Heat dissipation module and manufacturing method thereof
Abstract
The disclosure relates to a heat dissipation module and a manufacturing method thereof. The heat dissipation module includes a heat pipe, multiple heat dissipation fins and multiple rings. The heat pipe has a peripheral wall. Each heat dissipation fin has a through hole and an annular wall disposed on an outer edge of the through hole. The heat dissipation fins are adapted to sheathe the heat pipe in a spacedly stacked manner through the through hole. Each ring annularly is adapted to sheathe each annular wall in a compressive manner to embed and compressedly connect each annular wall to the peripheral wall. Therefore, efficiency of heat dissipation and structural strength of the heat dissipation structure are improved.
Claims
exact text as granted — not AI-modifiedWhat is claimed is:
1 . A heat dissipation module comprising:
a heat pipe, comprising a peripheral wall; a plurality of heat dissipation fins, each comprising a through hole and an annular wall disposed on an outer edge of the through hole, and the heat dissipation fins adapted to sheathe the heat pipe in a spacedly stacked manner through the through hole; and a plurality of rings, each adapted to sheathe each annular wall in a compressive manner to embed and compressedly connect each annular wall to the peripheral wall.
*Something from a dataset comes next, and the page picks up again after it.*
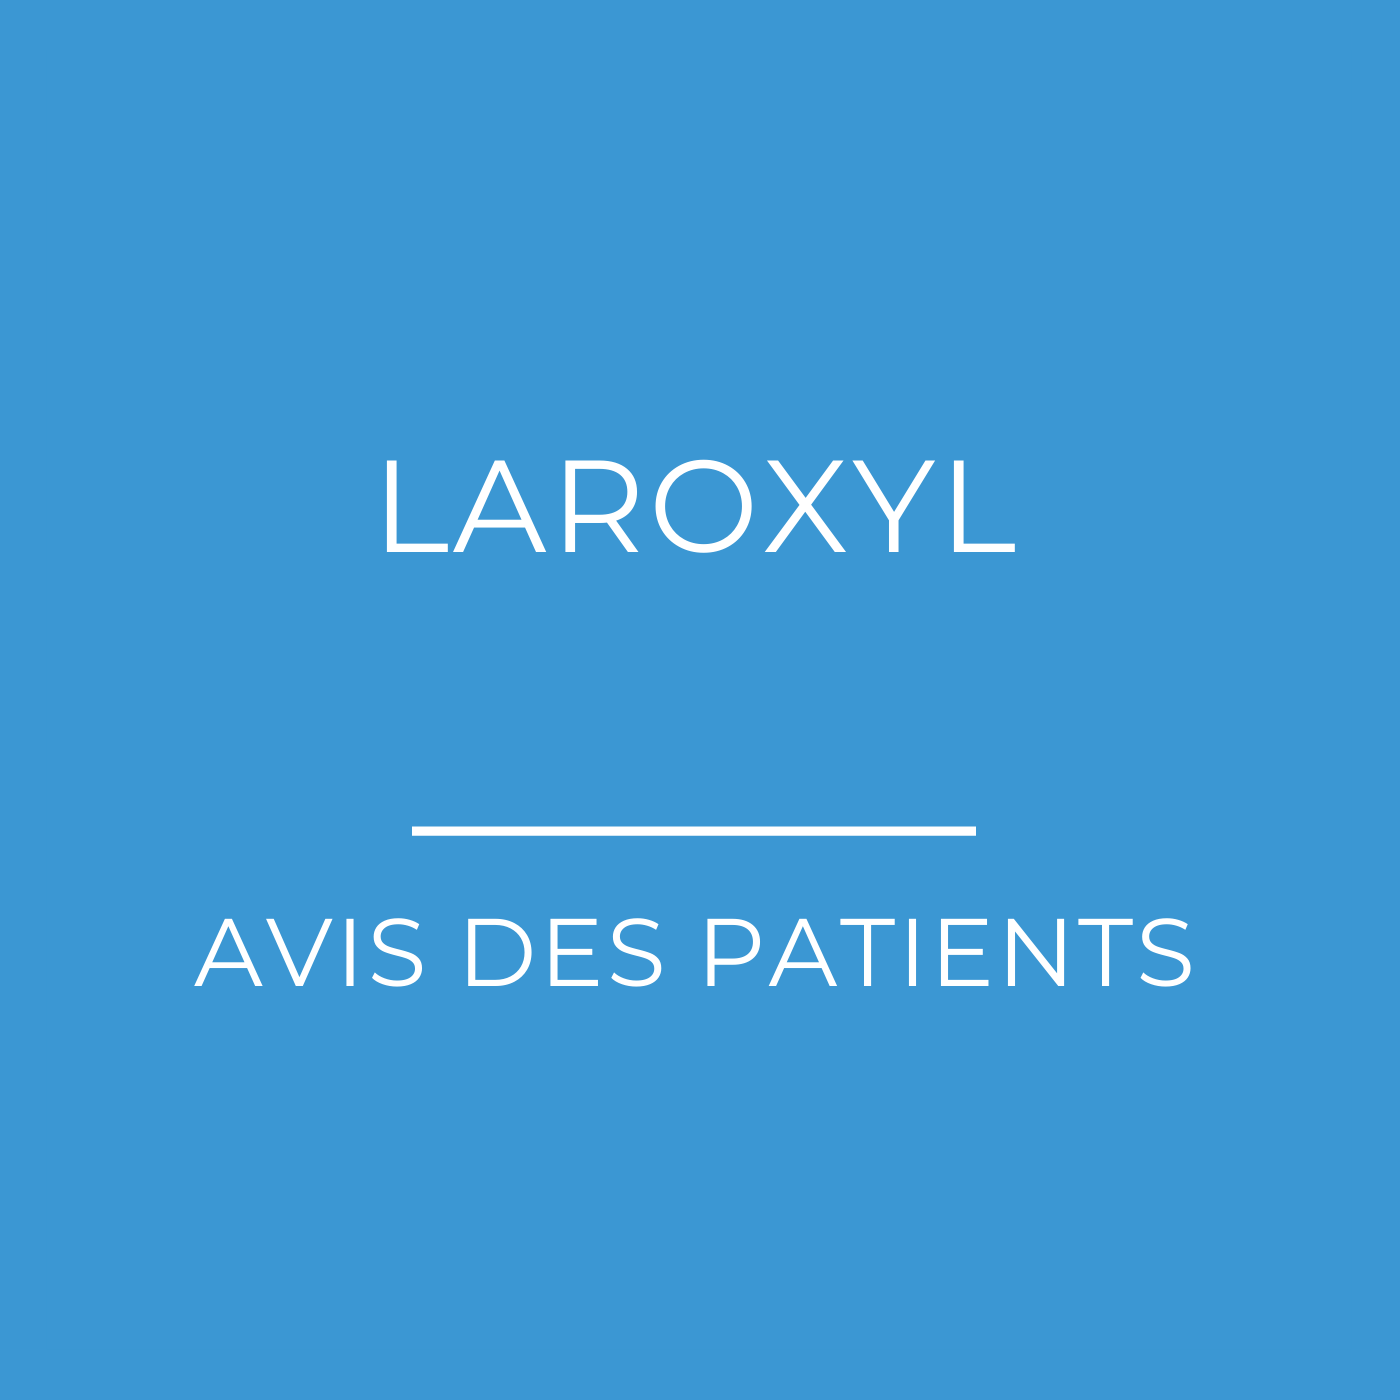 laroxyl 25 mg لماذا يستخدم

2 . The heat dissipation module of claim 1 , wherein each annular wall comprises a cylindrical annular wall, a plurality of cylindrical annular grooves is disposed on the peripheral wall, and each cylindrical annular wall is embedded in each cylindrical annular groove in a compressive manner.
3 . The heat dissipation module of claim 1 , wherein an outer periphery of each heat dissipation fin is upwardly extended with a plurality of inverted T-shape connecting sheets meshed with each other and is outwardly extended with a plurality of latches inserted respectively between each two of the inverted T-shape connecting sheets adjacent to each other, and a hardness of each ring is greater than a hardness of each annular wall.
4 . A manufacturing method of a heat dissipation module, the manufacturing method comprising:
a) providing a heat dissipation fin comprising a through hole and an annular wall formed on an outer edge of the through hole; b) providing a ring, wherein the ring comprises a conic ring, the conic ring comprises an upper bottom opening and a lower bottom opening, an inner diameter of the upper bottom opening is less than an outer diameter of the annular wall, an inner diameter of the lower bottom opening is greater than an outer diameter of the annular wall, and the conic ring is adapted to sheathe the annular wall; c) providing a heat pipe comprising a peripheral wall, and sheathing the heat pipe with the heat dissipation fin through the through hole; and d) providing a pressing jig for downwardly pressing the conic ring to deform the conic ring to be adapted to compressedly sheathe the annular wall until the annular wall being pressed and deformed by the ring to be embedded and connected compressedly to the peripheral wall.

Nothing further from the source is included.